4. Error-Cause Distribution
The Hallucination Specialist assigned root-cause classifications to 25 of the 28 confirmed hallucinations. Three remain unclassified. The mechanisms identified are described below.
Inference Drift — 17 confirmed hallucinations
Inference Drift is the dominant mechanism across all four configurations. The AI produces claims about Part 23's regulatory structure that are internally coherent — the model correctly understands that Part 23 has multiple subparts, that those subparts cover distinct regulatory topics, and that the topics include capital requirements, reporting, business conduct, and duties of swap dealers — but its specific structural map departs materially from the codified text. The failure takes several forms: asserting that subpart letters exist and contain active provisions when those letters are entirely absent from the regulation; attributing real section numbers to the wrong subpart and topic; and conflating the [Reserved] designation (a formal placeholder in the CFR) with the outright absence of a subpart letter.
The [Reserved] vs. absent distinction warrants emphasis because it is not merely taxonomic. A [Reserved] designation in the CFR implies the agency deliberately carved out that letter position as a placeholder for potential future rulemaking — the position is acknowledged. An absent letter implies no such intent — the position simply does not appear. When models describe absent letters as [Reserved], they generate a materially misleading description of regulatory structure: they imply a regulatory commitment or placeholder that does not exist. This distinction appeared in confirmed Inference Drift errors across three of the four configurations tested.
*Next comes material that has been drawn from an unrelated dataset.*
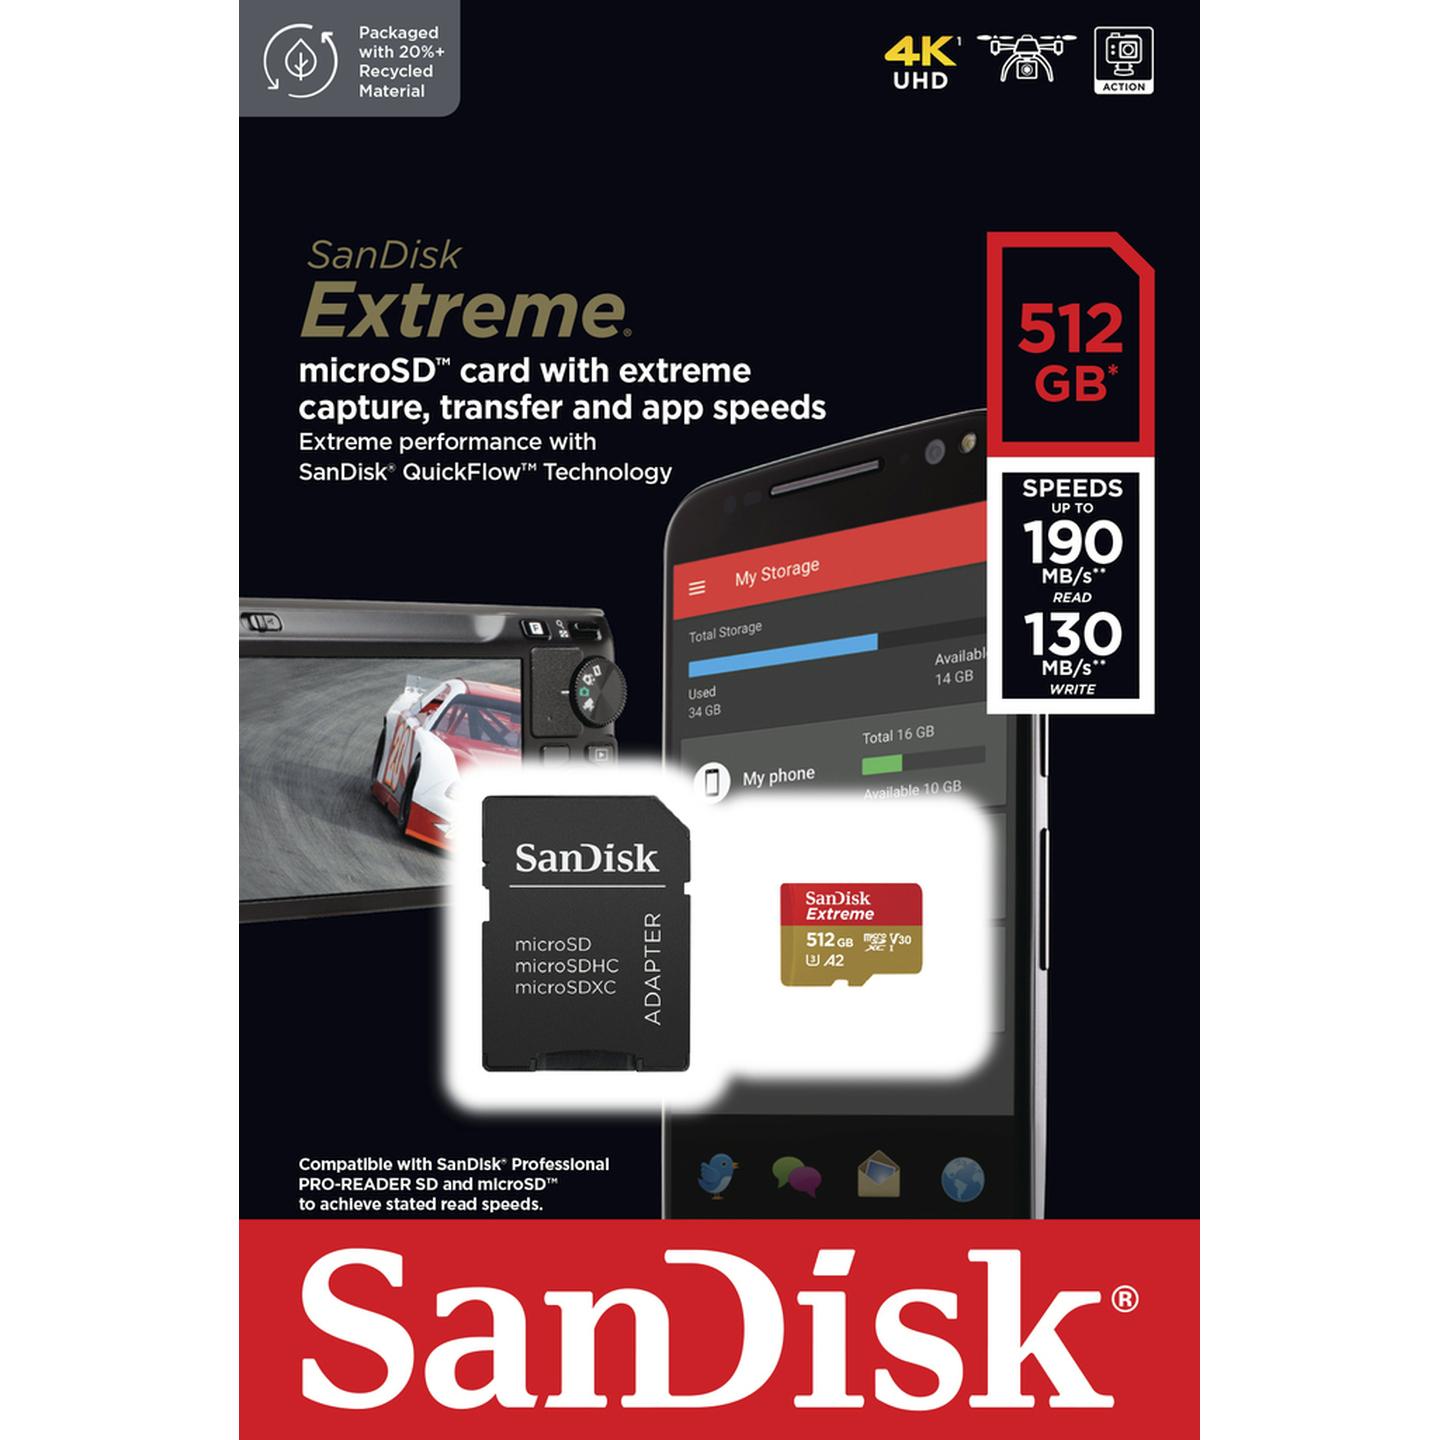 Sandisk 512GB High Extreme microSDXC Class 10 Reads 190MB/S Writes 130MB/S

Inference Drift errors carry particular compliance risk because the outputs read as authoritative regulatory description. A compliance officer conducting a gap analysis or building a regulatory mapping from these responses without independent source verification would produce an incorrect structural account of Part 23 — one that references subparts that do not exist, misassigns existing provisions to incorrect locations, or presents superseded section ranges as current.
Version Confusion — 3 confirmed hallucinations
All three Version Confusion hallucinations occur in the opus-47-websearch configuration and originate from a single document-retrieval event. The model retrieved and presented identifiers for a different CFTC Federal Register filing — a real document with its own document number, page range, publication date, and regulatory status — in place of the substrate's 2025 proposed rulemaking document. The downstream errors cascade from this substitution: wrong publication date, wrong FR page citation, wrong RIN, and an incorrect document-type characterisation (final rule with an effective date vs. proposed rule with a comment deadline). These errors are consequential for regulatory research: Federal Register citation identifiers are the primary mechanism by which practitioners locate specific rulemakings, and incorrect identifiers make the correct document unfindable through standard research tools.
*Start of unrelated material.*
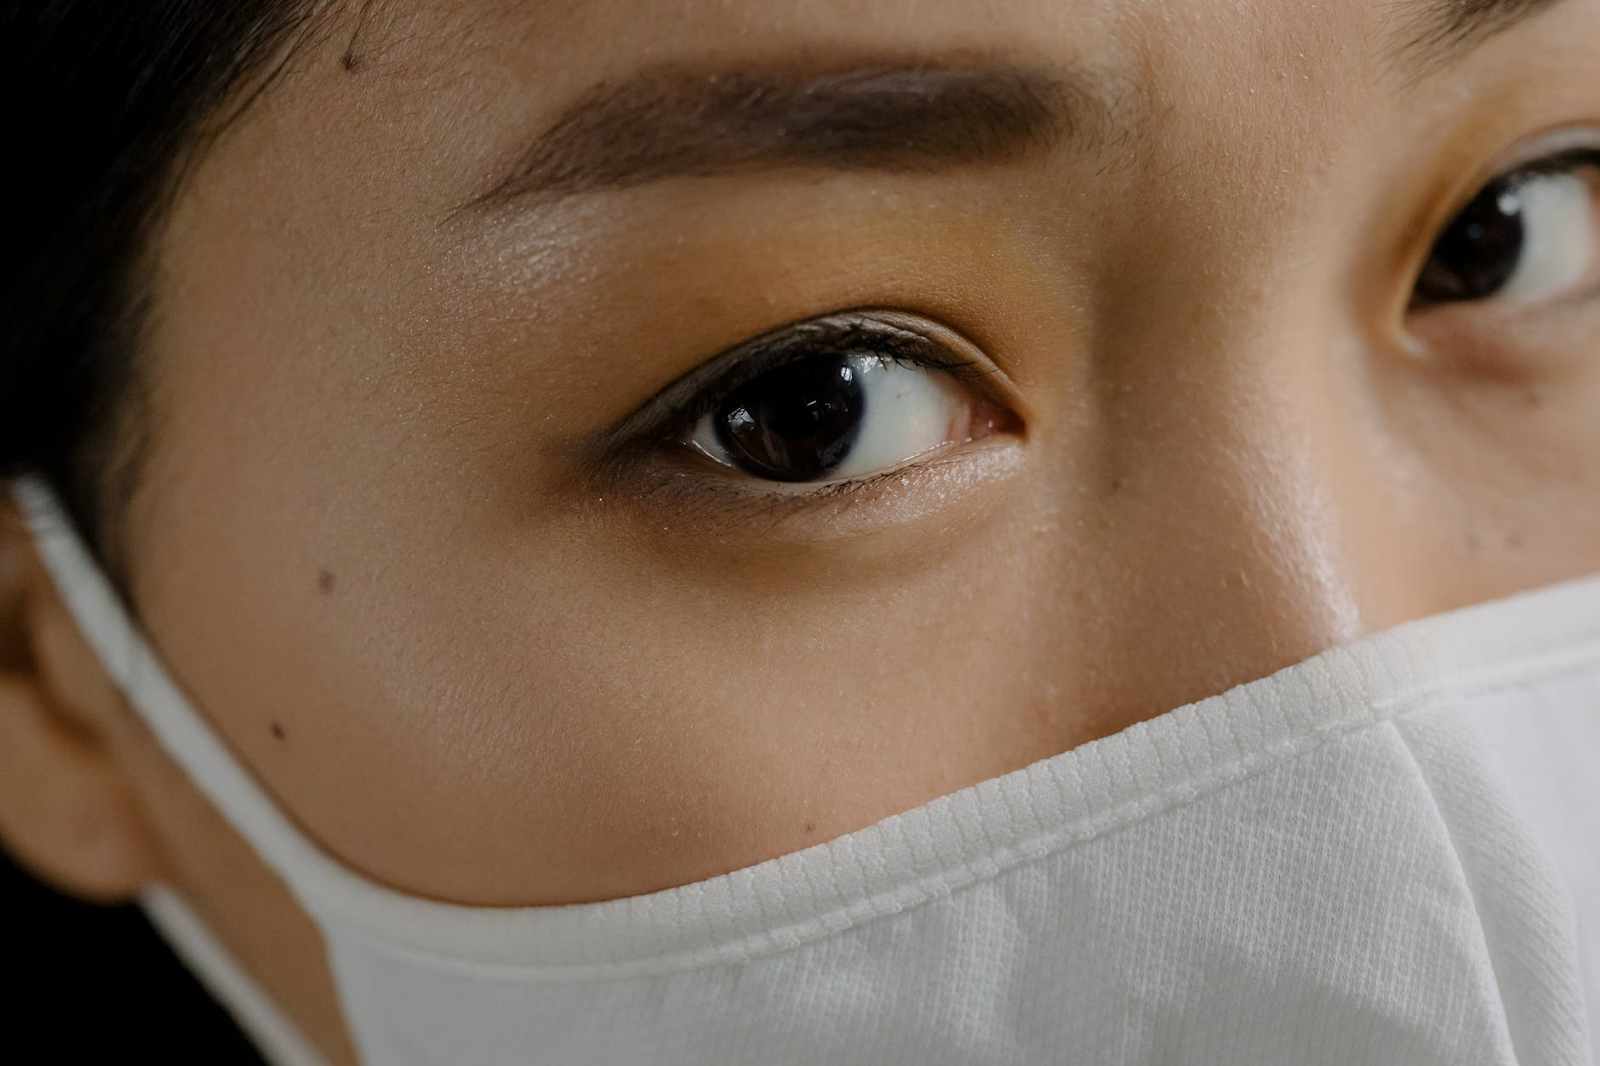 How to Emphasize Eyes When Wearing a Mask: 7 Makeup Tips

Incomplete — 3 confirmed hallucinations
Incomplete errors occur where the model's response is directionally proximate but materially truncated. The most significant instance is the Subpart E upper-bound understatement in opus-47-default: the model stated approximately §23.161 with an explicit uncertainty hedge of "off by one or two," but the substrate-confirmed upper bound is §23.199 — 38 sections beyond the stated figure and an order of magnitude beyond the model's own stated uncertainty margin. The Subpart J upper-bound understatement (§23.609 stated vs. §23.611 correct) left two sections unacknowledged. A section-title truncation completes this category: the model reproduced the title of §23.22 in quotation marks but omitted the leading operative phrase "Prohibition against statutory disqualification," which is the entire legal concept the section encodes, substituting a neutral subject-matter descriptor in its place.
Training Data Gap — 1 confirmed hallucination
The single Training Data Gap finding is the RIN transposition in opus-47-websearch: the model stated RIN 3038-AF33 against the substrate-confirmed RIN 3038-AF38. The final two digits differ (33 vs. 38), consistent with the model having no reliable training representation of this specific regulatory identifier and generating a plausible-looking but numerically incorrect value. The Source-Verification Analyst confirmed that neither cited source supplies the AF33 variant.
Outdated — 1 confirmed hallucination
The Subpart J upper-bound error in opus-47-default (§23.609 stated, §23.611 correct) is classified as Outdated: the stated range is consistent with a prior codified state of Part 23 before §§23.610 and 23.611 were added. This is independent of but coexists with the Incomplete classification: the range is both truncated and reflective of a superseded state of the regulation.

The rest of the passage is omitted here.